KMC revives ancient names of local heritages

Kathmandu Metropolitan City

The Kathmandu Metropolitan City (KMC) has embarked on a mission to resurrect the indigenous names of its cherished historical, cultural, and religious landmarks and reintegrate them into everyday usage.

In this endeavor, the local administration has engaged the expertise of cultural scholars, archaeologists, linguists, and historians. Their collective efforts are aimed at uncovering the original appellations of local settlements, temples, religious sanctuaries, water fountains, and stone spouts with profound historical and cultural significance.

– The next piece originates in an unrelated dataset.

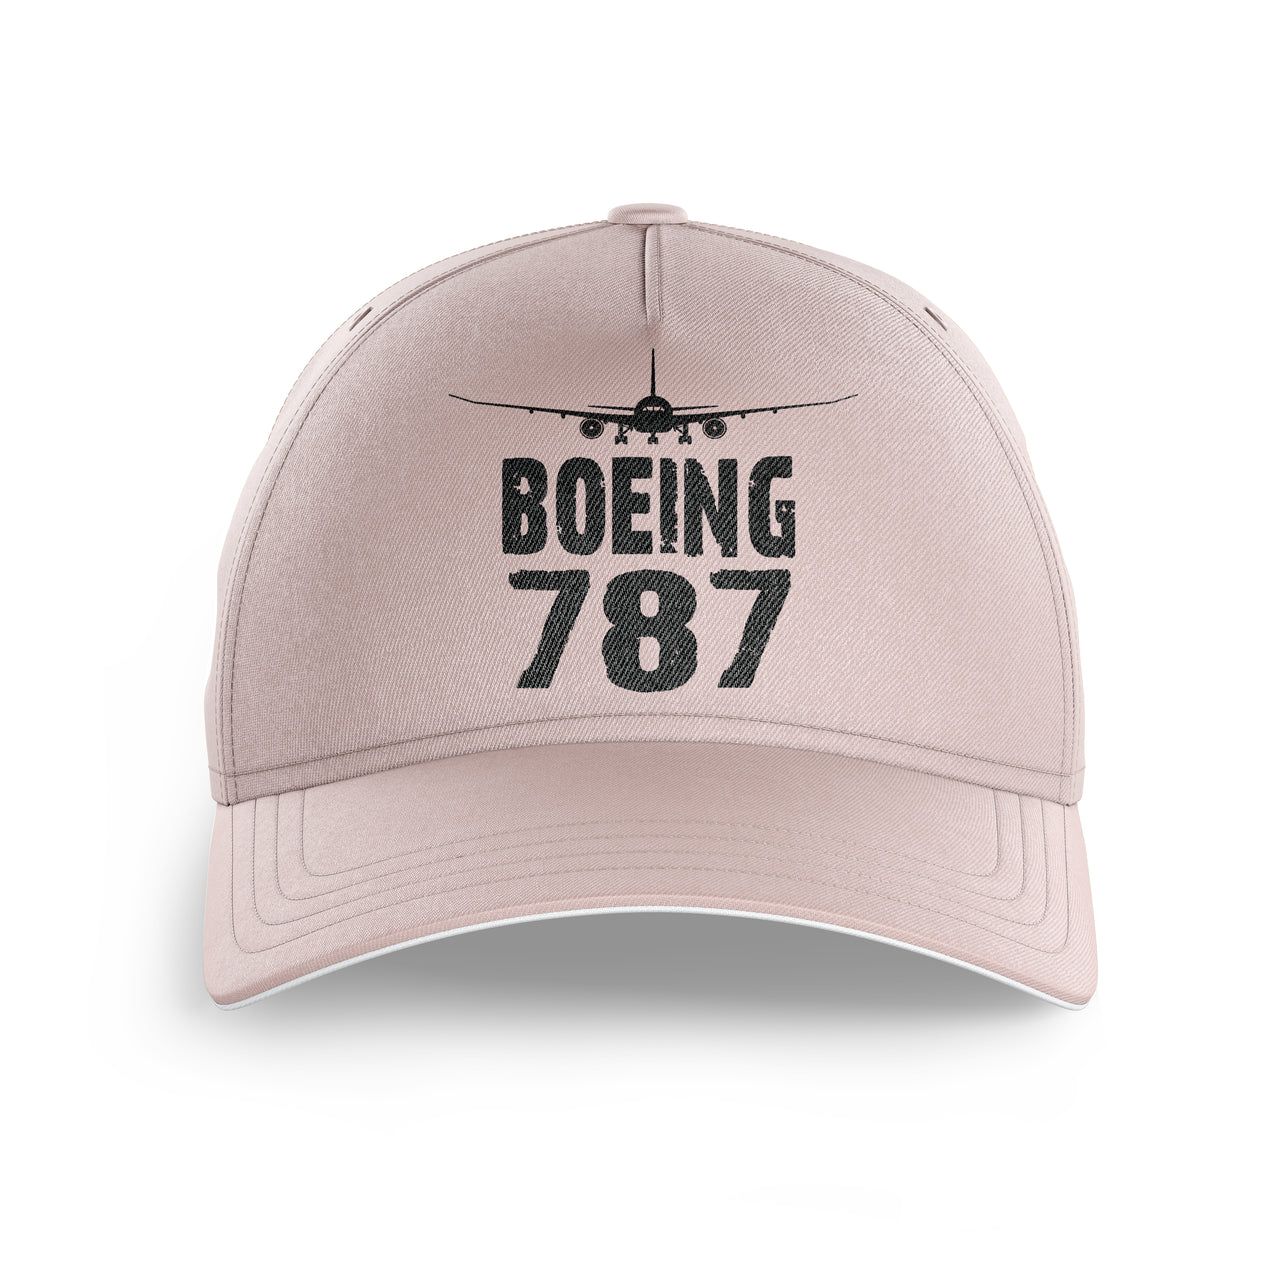 Boeing 787 & Plane Printed Hats

Under the guidance of Ashaman Sangat, the coordinator of the Heritage and Tourism Committee at the Kathmandu Metropolitan City Office, the initiative has commenced in five specific wards: Wards 5, 6, 7, 18, and 24 within the metropolis.

Noteworthy revelations have already surfaced; for instance, the traditional name for what is commonly known as Handigau is Nara, while Boudha has been identified as Khasyor or Khasti in ancient archives. Similarly, the present-day Chabahil was historically referred to as Chabahi, Naradevi as Ngeta, and Makhan as Mankha.

This comprehensive program is designed to reclaim the historical, cultural, and archaeological essence of the city and is being facilitated by the Centre for Integrated Urban Development.

The revived names will be prominently showcased in scripts such as Ranjana, Devanagari, and English. Notably, as researcher Asmita Shrestha points out, the nameplates will bear a backdrop of red and black, reminiscent of the hues of Hakupatasi, the traditional attire of Newari women.